EDIT FOR CLARIFICATION:
If I wrote my training loop the following way, there would be some things that bother me:
with tf.Session() as sess:
for epoch in range(100):
sess.run(iterator.initializer)
# iterate through the whole dataset once during the epoch and
# do 200 mini batch updates
for _ in range(number_of_samples // batch_size):
_, current_loss = sess.run([train_op, loss])
print(f'Epoch {epoch} training done!')
print(current_loss)
Firstly, loss would still be evaluated before doing the last weight update. That means whatever comes out is not the latest value. Secondly, I would not be able to access current_loss after exiting the for loop so I would not be able to print it.
1) Loss calculation over the whole training set (before updating weights) does make sense and is called batch gradient descent (despite using the whole training set and not a mini batch).
However, calculating a loss for your whole dataset before updating weights is slow (especially with large datasets) and training will take a long time to converge. As a result, using a mini batch of data to calculate loss and update weights is what is normally done instead. Although using a mini batch will produce a noisy estimate of the loss it is actually good enough estimate to train networks with enough training iterations.
EDIT:
I agree that the loss value you print will not be the latest loss with the latest updated weights. Probably for most cases it really doesn't make much different or change results so people just go with how you have wrote the code above. However, if you really want to obtain the true latest loss value after you have done training (to print out) then you will just have to run the loss op again after you have done a train op e.g.:
for _ in range(number_of_samples // batch_size):
sess.run([train_op])
current_loss = sess.run([loss])
This will get your true latest value. Of course this wont be on the whole dataset and will be just for a minibatch of 100. Again the value is likely a good enough estimate but if you wish to calculate exact loss for whole dataset you will have to run through your entire set e.g. another loop and then average the loss:
...
# Train loop
for _ in range(number_of_samples // batch_size):
_, current_loss = sess.run([train_op, loss])
print(f'Epoch {epoch} training done!')
# Calculate loss of whole train set after training an epoch.

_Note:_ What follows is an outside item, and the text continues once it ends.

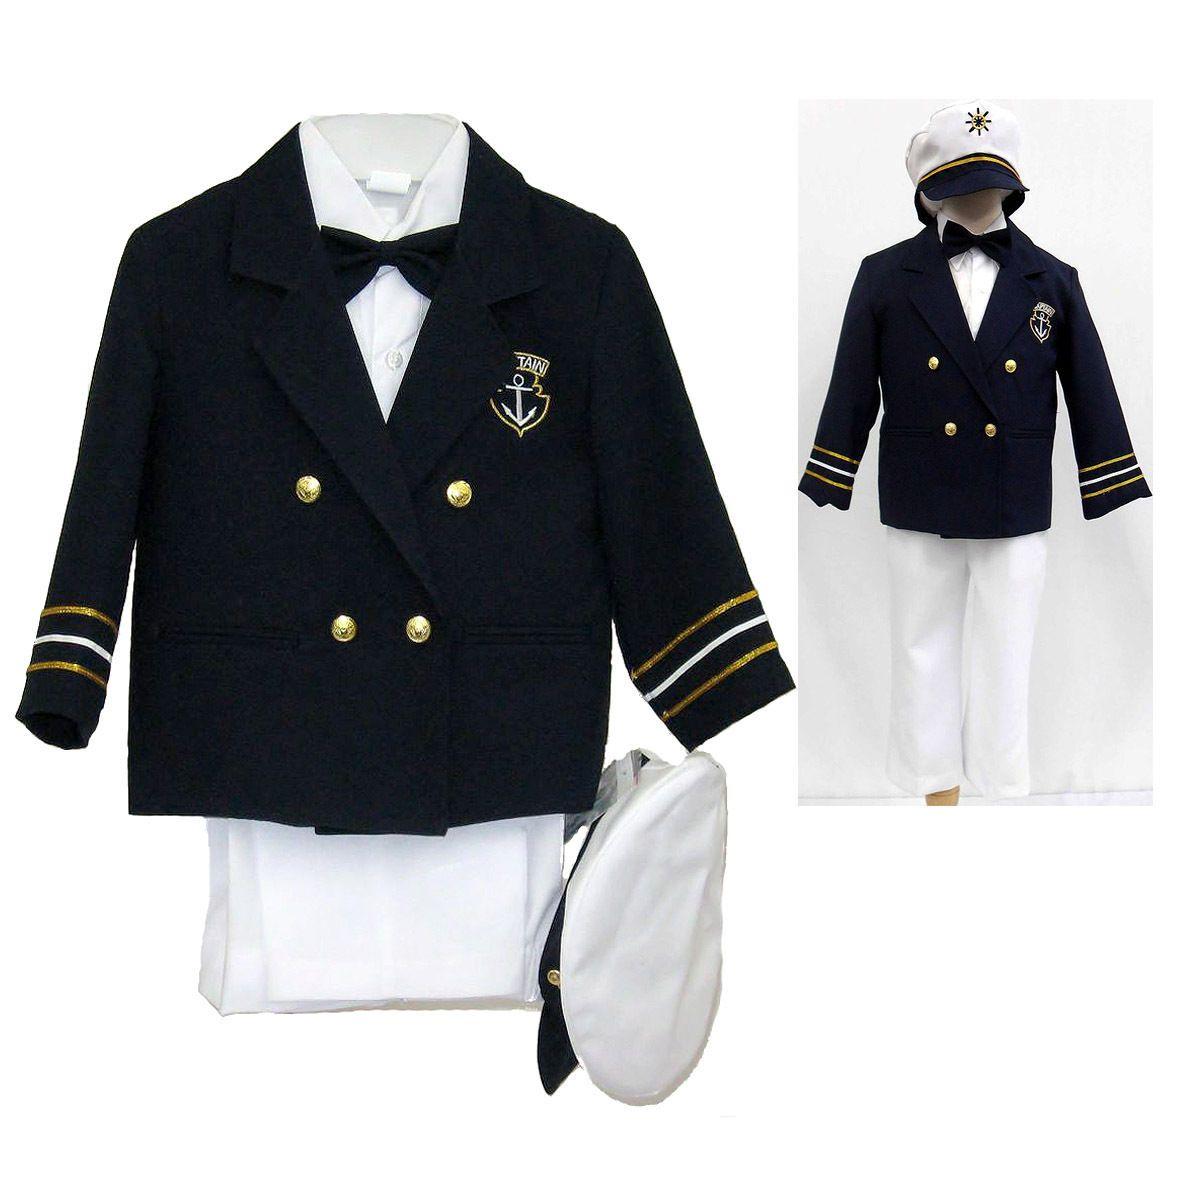 Navy baby boy toddler costume nautical captain sailor suit hat white

sess.run(iterator.initializer)
current_loss_list = []
for _ in range(number_of_samples // batch_size):
_, current_loss = sess.run([loss])
current_loss_list.append(current_loss)
train_loss_whole_dataset = np.mean(current_loss_list)
print(train_loss_whole_dataset)
EDIT 2:
As pointed out doing the serial calls to train_op then loss will call the iterator twice and so things might not work out nicely (e.g. run out of data). Therefore my 2nd bit of code will be better to use.
I think the following code will answer your questions:
(A) how can you print the batch loss AFTER performing the train step? (B) how can you calculate the loss over the entire training set, even though the dataset iterator gives only a batch each time?
import tensorflow as tf
import numpy as np
dataset_size = 200
batch_size= 5
dimension = 4
# create some training dataset
dataset = tf.data.Dataset.\
from_tensor_slices(np.random.normal(2.0,size=(dataset_size,dimension)).
astype(np.float32))
dataset = dataset.batch(batch_size) # take batches
iterator = dataset.make_initializable_iterator()
x = tf.cast(iterator.get_next(),tf.float32)
w = tf.Variable(np.random.normal(size=(1,dimension)).astype(np.float32))
loss_func = lambda x,w: tf.reduce_mean(tf.square(x-w)) # notice that the loss function is a mean!
loss = loss_func(x,w) # this is the loss that will be minimized
train_op = tf.train.GradientDescentOptimizer(0.1).minimize(loss)
# we are going to use control_dependencies so that we know that we have a loss calculation AFTER the train step
with tf.control_dependencies([train_op]):
loss_after_train_op = loss_func(x,w) # this is an identical loss, but will only be calculated AFTER train_op has
# been performed
with tf.Session() as sess:
sess.run(tf.global_variables_initializer())
# train one epoch
sess.run(iterator.initializer)
for i in range(dataset_size//batch_size):
# the training step will update the weights based on ONE batch of examples each step
loss1,_,loss2 = sess.run([loss,train_op,loss_after_train_op])
print('train step {:d}. batch loss before step: {:f}. batch loss after step: {:f}'.format(i,loss1,loss2))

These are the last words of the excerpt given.